But what are these two realms? There is a tradition to be found in most theologies that requires such a division. The natural realm of our mortal existence seems to be a world of space and time in which things are located. Your life will have a beginning and an end in time, as does the existence of all other things. You also have a location, although this can vary over time. And when we think of natural causes of natural events, they seem to depend importantly on these spatiotemporal locations. Causes have to be close to the effects they produce in both space and time. Perhaps they have to be co-located at the very moment the cause produces the effect.

The supernatural realm, as religions typically depict it, stands outside of space and time. It is rarely understood as containing any physical things at all, so they don’t need to be in space. We might think of such a realm as the spirit world, for this is where spirits and all things spiritual sit. God, angels and ghosts have no bodies and so no spatiotemporal aspect, which is what allows us to think of this as a form of infinite existence or immortality. Interestingly, some think numbers and other mathematical objects are outside of space and time so not really part of the natural realm. This is why Plato allowed them an eternal existence in the realm of the Forms, along with other things such as the perfect triangle.

Of course not everyone believes that there is such a spiritual realm. Some don’t even think the idea coherent. It sometimes seems as if your spirit will have a beginning in time: for instance, at the point of conception. But how can something enter at a time into a world when it has no temporal dimension? And how can there be any change if there is no time? How does a spirit think or act with no time or change? However, it is not for me to defend in any great detail how such a supernatural world exists and what it is like. That is the theologians’ task. But it does seem essential that they take this task. God cannot be part of our natural world, even if he is very good and very powerful, maybe like Superman. That would still make him a natural object, lacking a spiritual dimension, and arguably not worthy of worship.

And if there is no supernatural world, it seems that there really should not be anything that could count as a miracle either.
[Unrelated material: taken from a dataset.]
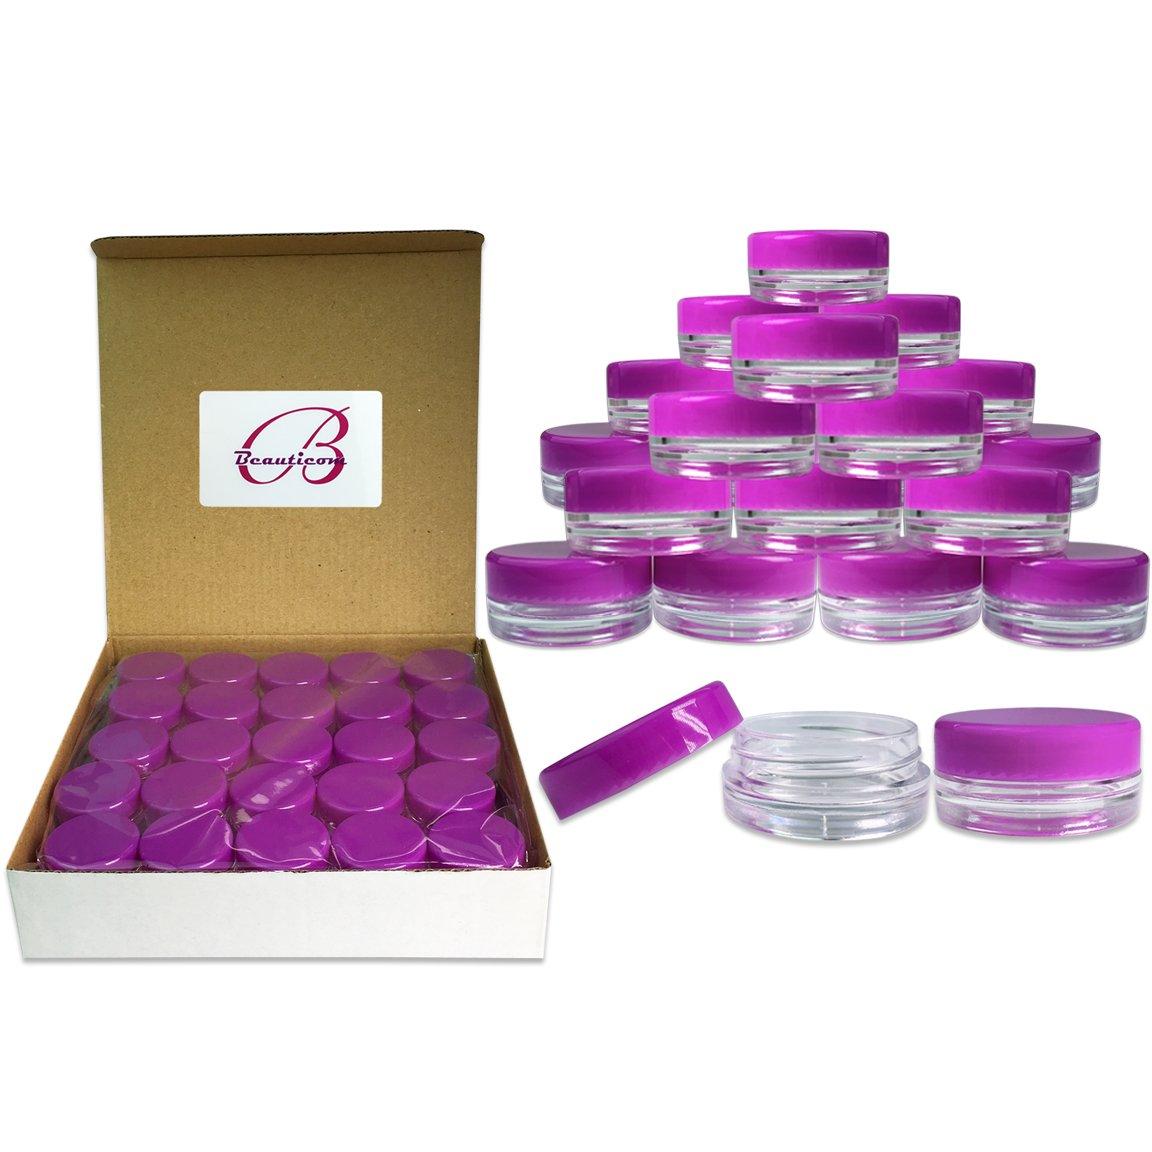 (Quantity: 100 Pieces) Beauticom 3G/3ML Round Clear Jars with PURPLE Lids for Scrubs, Oils, Toner, Salves, Creams, Lotions, Makeup Samples, Lip Balms - BPA Free
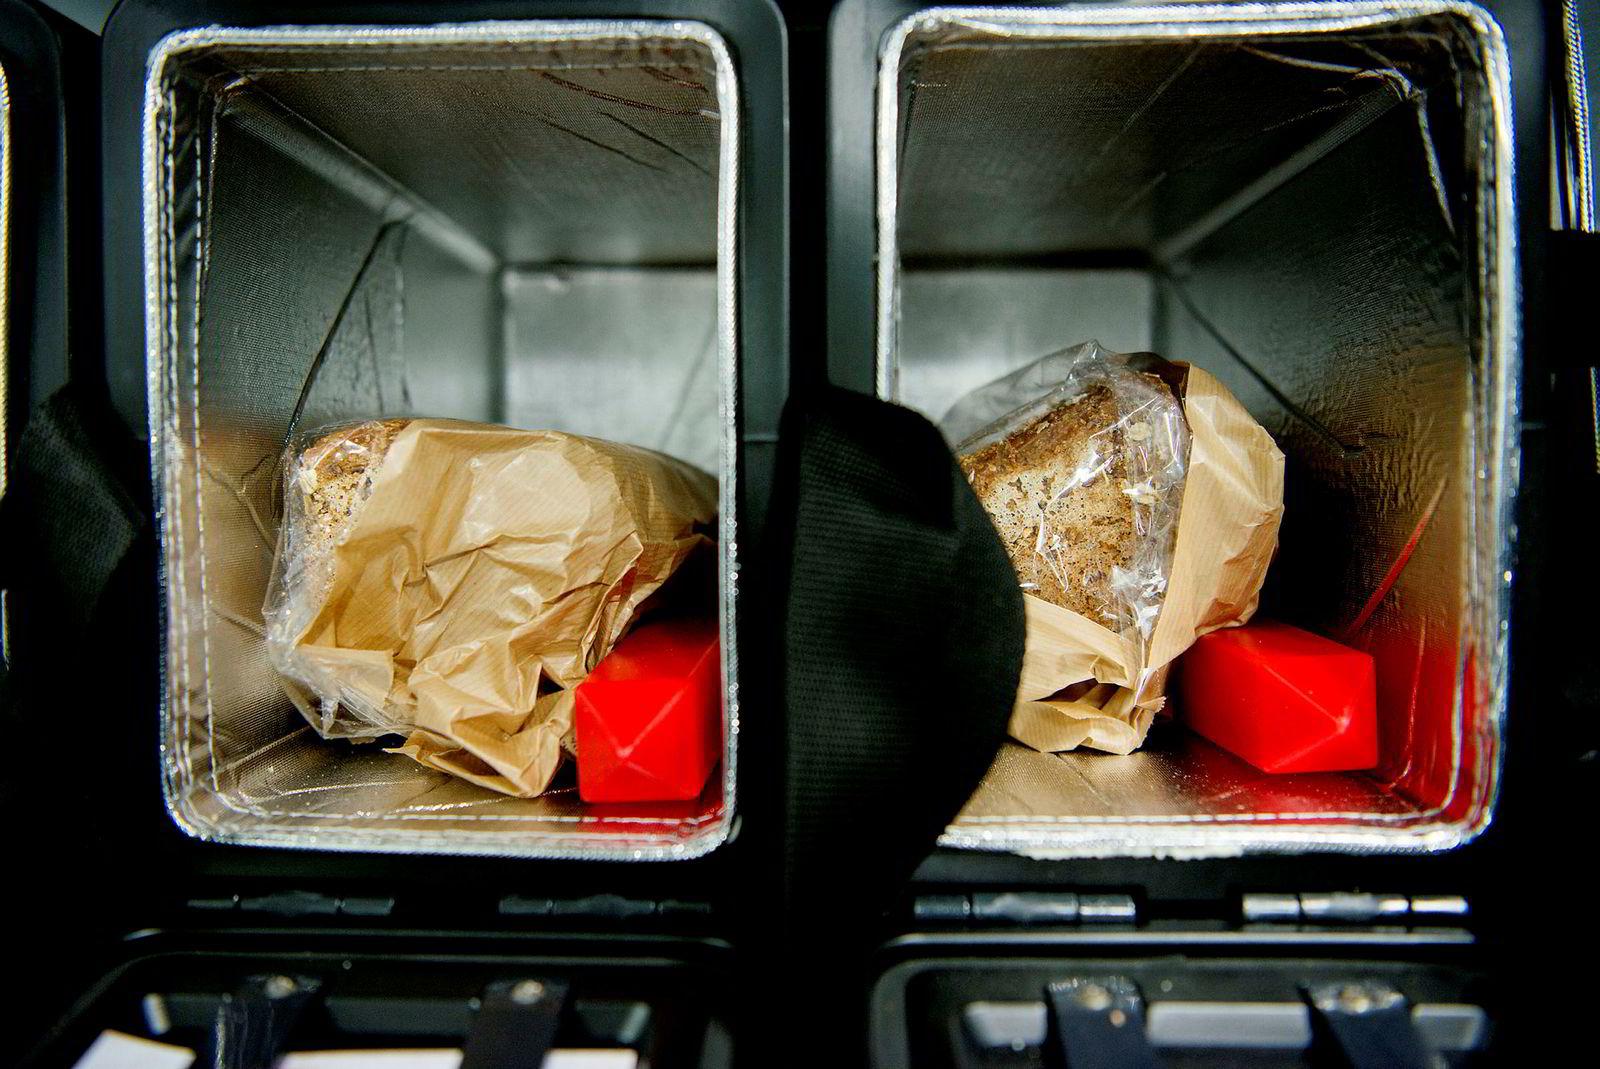 Brødboksen leverer brød, melk og andre matvarer på kundens dør hver morgen.

If all the causes of natural events are other natural events, then none of them are miraculous. They are just plain old instances of physical causation, deserving of no metaphysical or spiritual wonder at all.

There being two distinct realms seems a precondition of there being miracles, therefore, but that still does not mean that miracles are simple and easy matters to understand. Natural causation in our world involves physical things often pushing and pulling other physical things around. This typically involves contact, as in the case of one billiard ball colliding with another and passing on its momentum. That makes miracles something of a mystery. The cause of the miracle is outside the natural world – outside space and time. So it cannot be physically next to its effect; nor does it have any momentum to pass on. Descartes long ago saw that there was a similar problem of how a mental substance could cause changes in a physical substance, and vice versa. He saw that there was a difficulty in explaining how the mind and body interact if one is spatial and the other is not. Miracles raise this type of difficulty again.

Yet, this ‘difficulty’ seems precisely a very good reason to think of miracles as genuinely miraculous. The miracle is that causation can cross this great divide between the supernatural and the natural. That’s the mystery in it; and without some such mystery, you might think nothing really miraculous has happened. We seem to understand the natural and supernatural realms as so different that it seems nothing could bridge them. If God’s action achieves that, it seems to deserve precisely the name miracle.

This all looks neat and tidy as a theory. But there are a few problems. I do not think they oblige us to change our understanding, however.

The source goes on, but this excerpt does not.